He wasn’t a God who came down to us and became human; rather is He the ordinary, very human guy who rose up to become the Man with the face of God, ascended the huge distance to Heaven, and received the very nature of God. It’s actually the very opposite to what human theology has supposed, fearful as they were of what the pattern of this Man meant for them. The pre-existent view of Jesus makes Him some kind of Divine comet which came to earth, very briefly, and then sped off again, to return at the second coming. Instead we see a man from amongst men, arising to Divine status, and opening a way for us His brethren to share His victory; and coming back to establish His eternal Kingdom with us on this earth, His earth, where He came from and had His human roots. Take a passage must beloved of Trinitarians, Phil. 2. We read that Jesus was found (heuretheis) in fashion (schemati) as a man, and He humiliated Himself (tapeinoseos), and thereby was exalted. But in the next chapter, Paul speaks of himself in that very language. He speaks of how he, too, would be “found” (heuretho) con-formed to the example of Jesus in His death, and would have his body of humiliation (tapeinoseos) changed into one like that of Jesus, “the body of his glory”. We aren’t asked to follow the pattern or schema of a supposed incarnation of a God as man. We’re asked to follow in the path of the Lord Jesus, the Son of man, in His path to glory. Repeatedly, we are promised that His glory is what we will ultimately share, at the end of our path of humiliation and sharing in His cross (Rom. 8:17; 2 Cor. 3:18; Jn. 17:22,24).  

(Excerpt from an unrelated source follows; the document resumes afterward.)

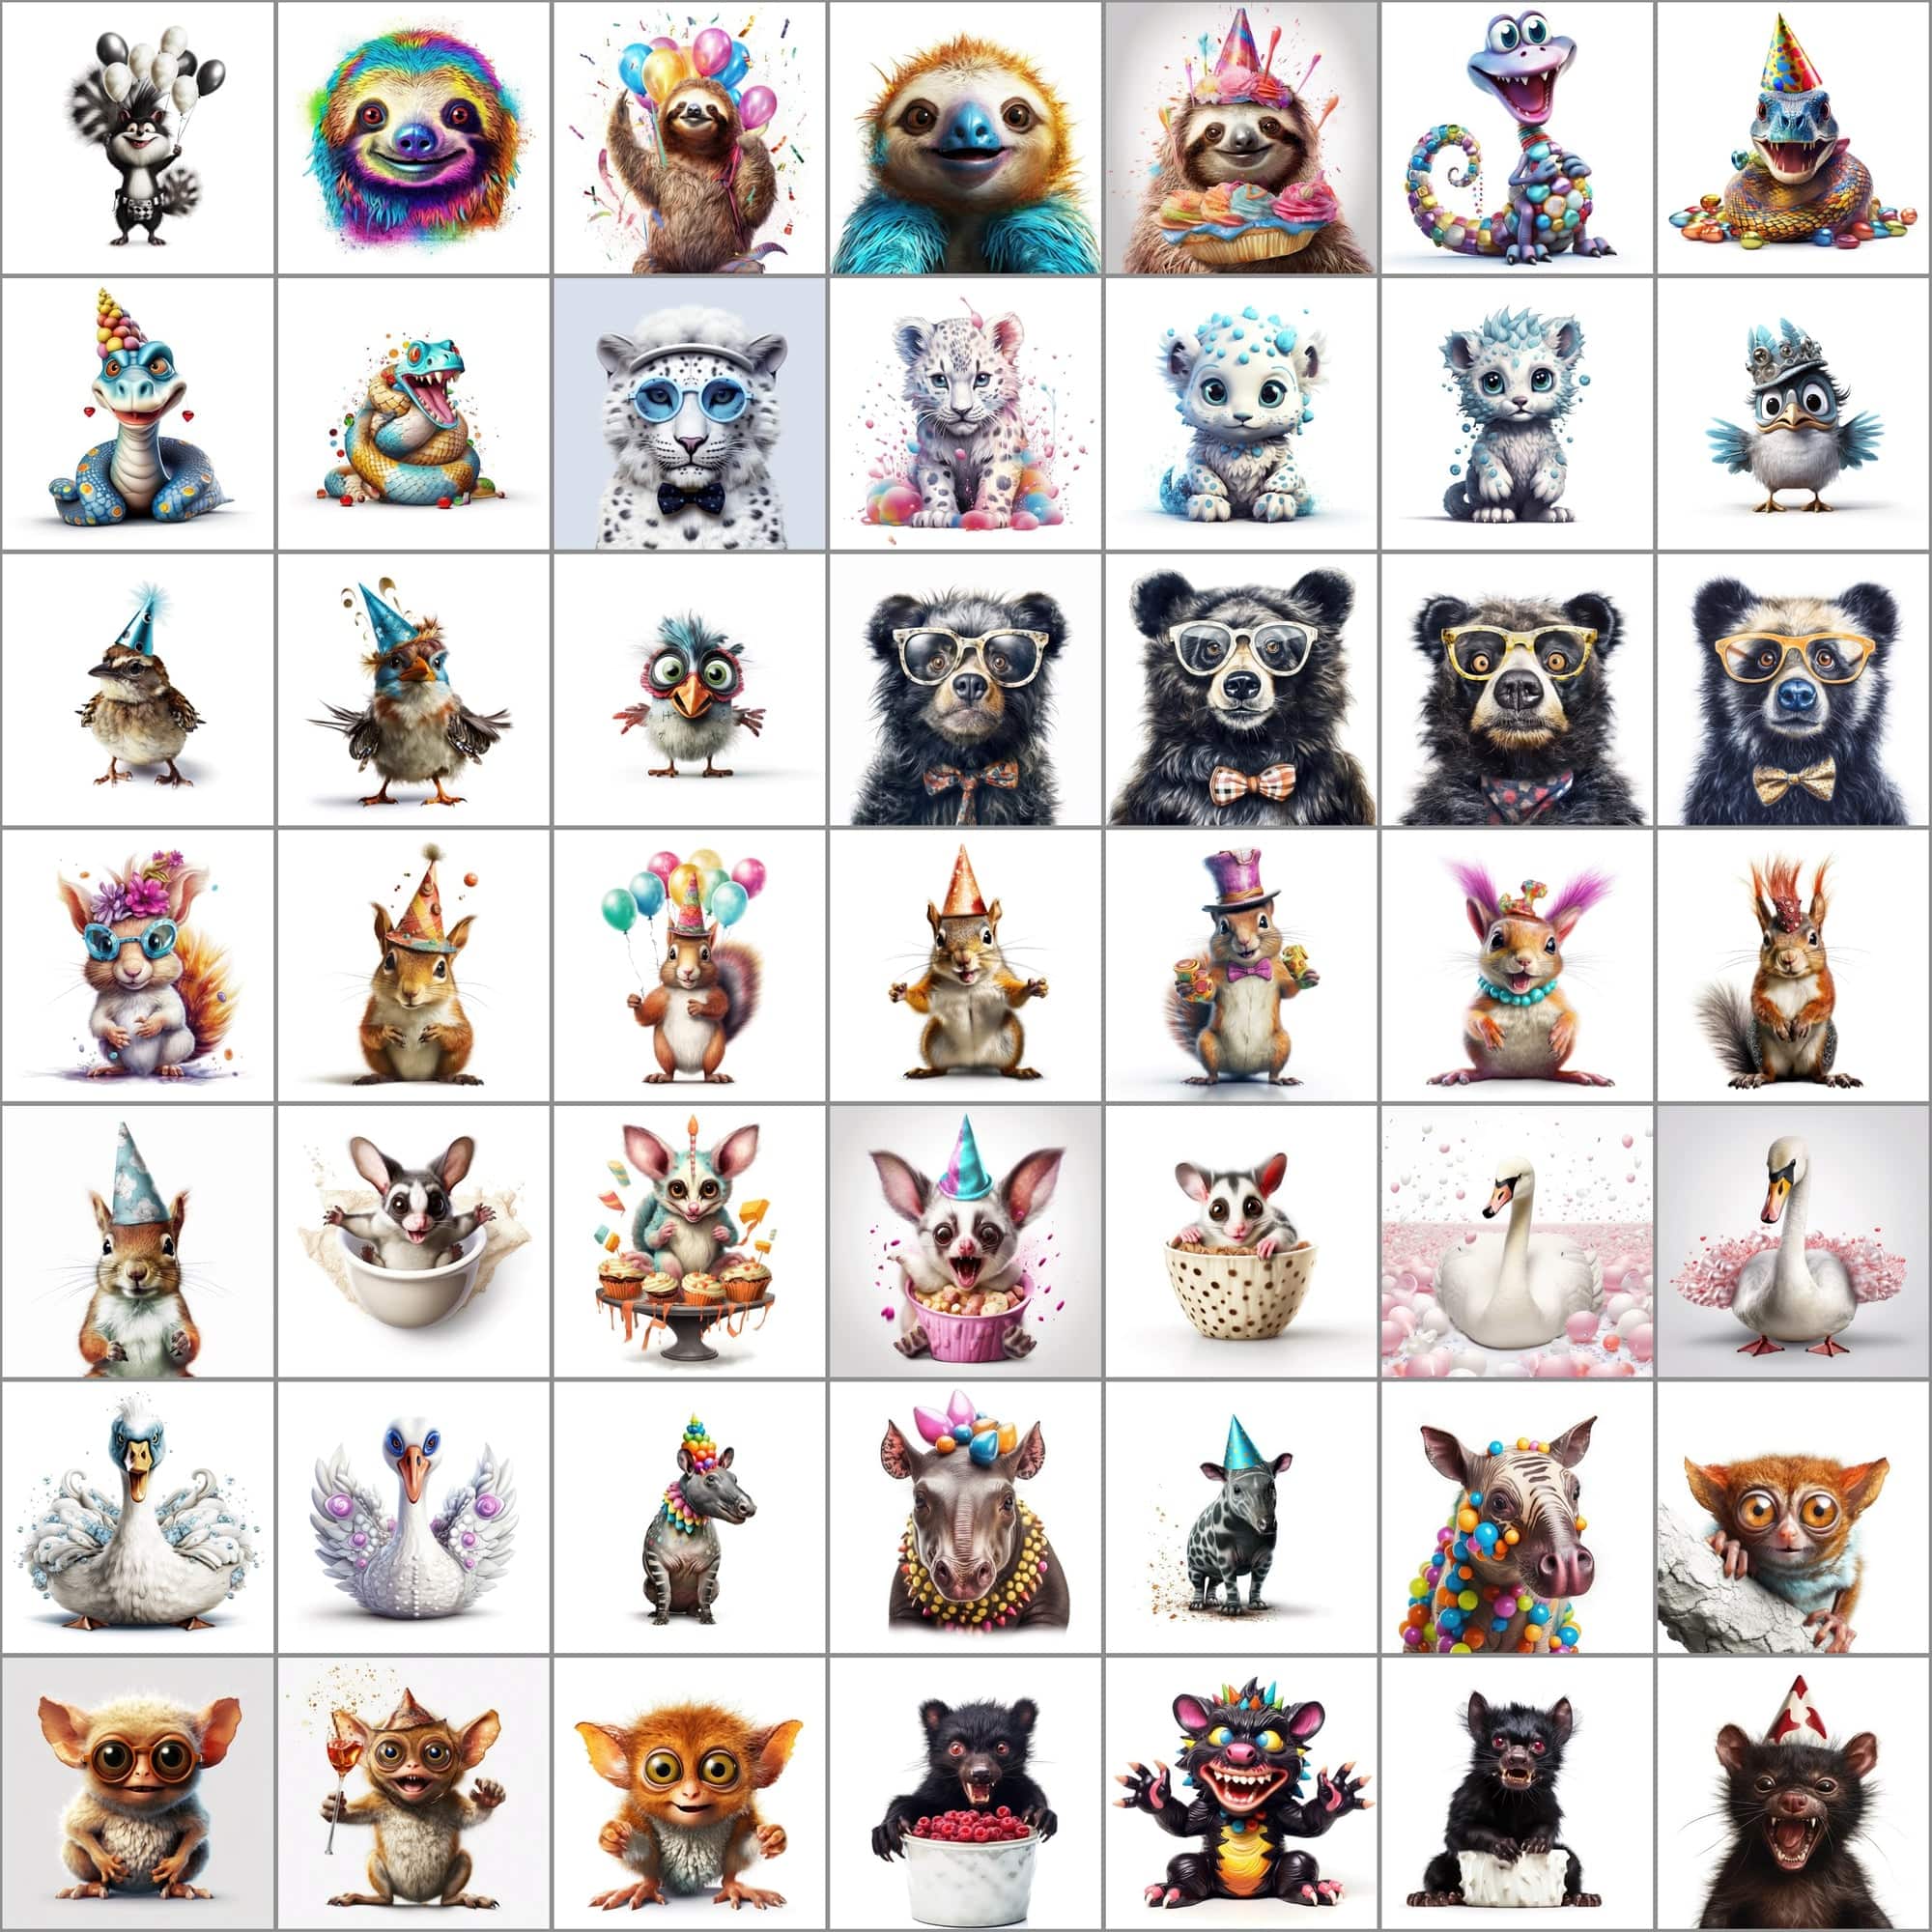 780+ Funny Animal PNG Images - Hyperrealistic & Colorful, Commercial License Digital Download Sumobundle

The Challenge Of Christ’s Humanity

The undoubted need for doctrinal truth about the nature of Jesus can so easily lead us to overlooking the need for obedience to His most practical teaching. As Adolf Harnack put it: “True faith in Jesus is not a matter of credal orthodoxy but of doing as he did (4). In this sense we need “to rescue Jesus from Christianity (5). We need to reconstruct in our own minds the person of Jesus and practical teaching of Jesus which so perfectly reflected His own life, free from the theology and creeds which have so often surrounded Him. As a result of this, our preaching of Christ so often ends up stressing those elements which the unbeliever or misbeliever finds most difficult to accept, rather than focusing on the Lord’s humanity and His practical teachings, which they are more likely to accept because as humans they have a natural affinity with them. The Lord Jesus was not merely human, as a theologically correct statement. He passionately entered into human life to its’ fullest extent. Thus B.B. Warfield comments: “[Jesus] knew not mere joy but exultation, not mere passing pity but the deepest movements of compassion and love, not mere surface distress but an exceeding sorrow even unto death" (6). 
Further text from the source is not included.